This post was originally published in adityasridhar.com
In this article we will see how to use kafka streams to do some real time data processing on data present in a kafka topic.
What is kafka streams
Kafka streams helps build real time applications on top of data which is present in kafka.
kafka streams reads a continuous stream of data from kafka, does some processing on this stream of data and outputs the result back to kafka.
Pre-requisites
Please ensure that you have Maven and Java installed in your System
What kafka streams application are we planning to build?
We will build a system which will work as follows:
- There will be an input kafka topic in which you will get video titles with number of views per video
- There will be a kafka streams application which reads the video views data and counts the number of views each video is getting.
- Kafka streams will write the total video view data into an output topic
- The output topic at any point will have the total number of views each of our videos have got.

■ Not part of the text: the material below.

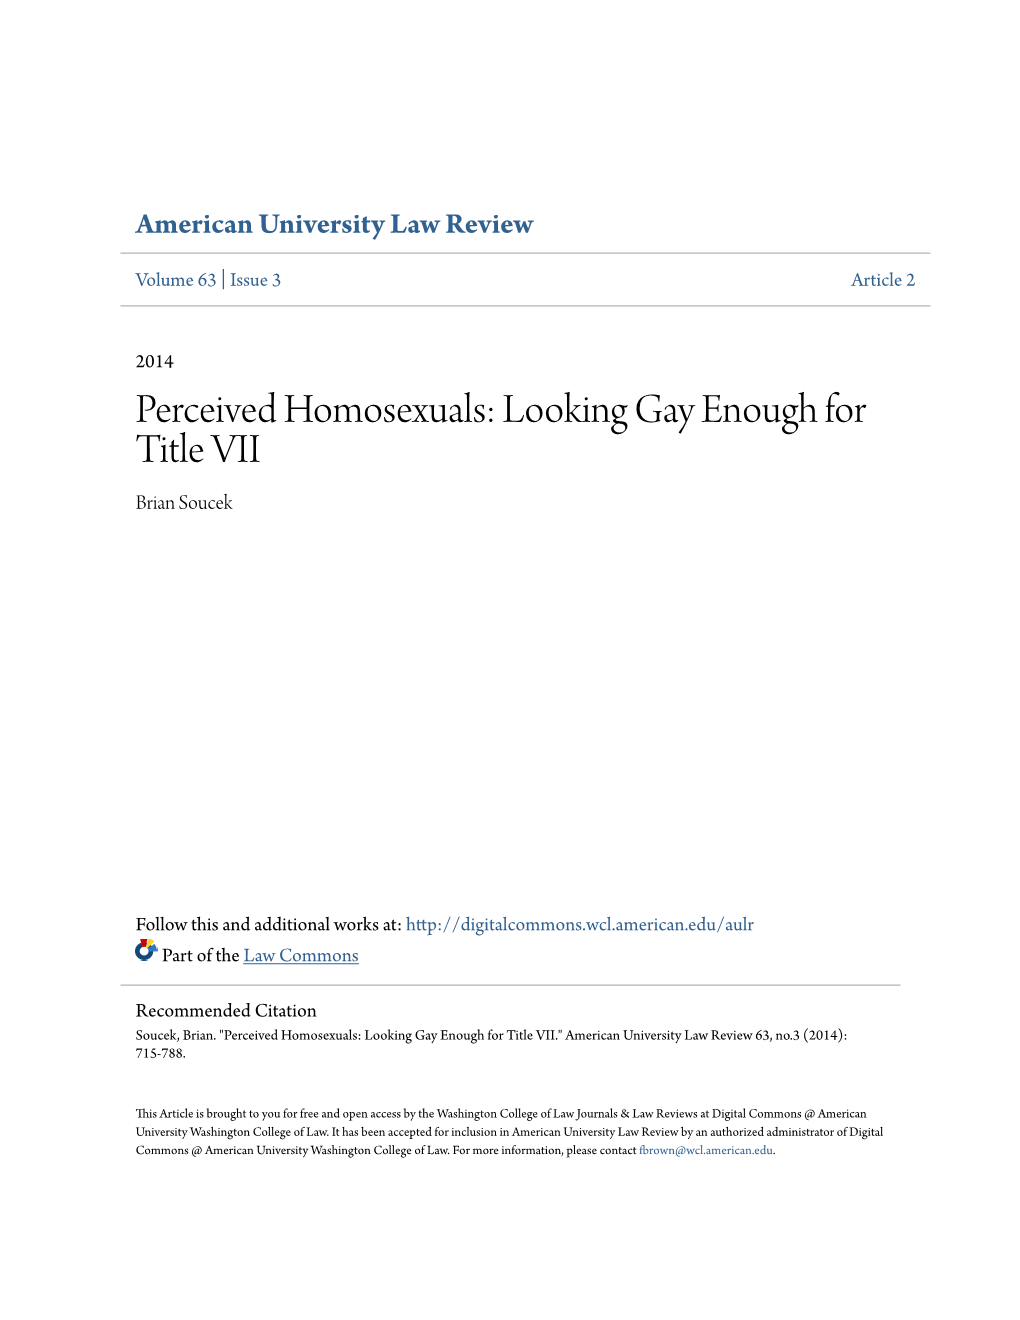 Perceived Homosexuals: Looking Gay Enough for Title VII Brian Soucek

For example if the input is as follows ( video and count are separated by a :)
Video1:1
Video2:20
Video1:23
Video3:8
Video2:5
Then the output will be as follows:
Video1:24
Video2:25
Video3:8
Setup
Download Kafka
Download kafka 2.8.0 from https://kafka.apache.org/downloads
wget https://apachemirror.wuchna.com/kafka/2.8.0/kafka_2.12-2.8.0.tgz
Extract kafka
tar xzf kafka_2.12-2.8.0.tgz
Open the kafka folder. All kafka commands should be run in the kafka folder
cd kafka_2.12-2.8.0
Setup zookeeper and Kafka
Start zookeeper using the following command:
bin/zookeeper-server-start.sh -daemon config/zookeeper.properties
Zookeeper starts on port 2181
Start kafka using the following command:
bin/kafka-server-start.sh -daemon config/server.properties
Kafka runs on port 9092. For this example we will use only one kafka instance.
Create the input and output topic for the application
Let us create an input topic from which the kafka streams application will read data.
This is done using the following command:
bin/kafka-topics.sh --create --topic input-topic --partitions 1 --replication-factor 1 --bootstrap-server localhost:9092
The topic name is input-topic
and it has 1 replica and 1 partition
Let us also create an output topic, into which the kafka streams application will write the result to.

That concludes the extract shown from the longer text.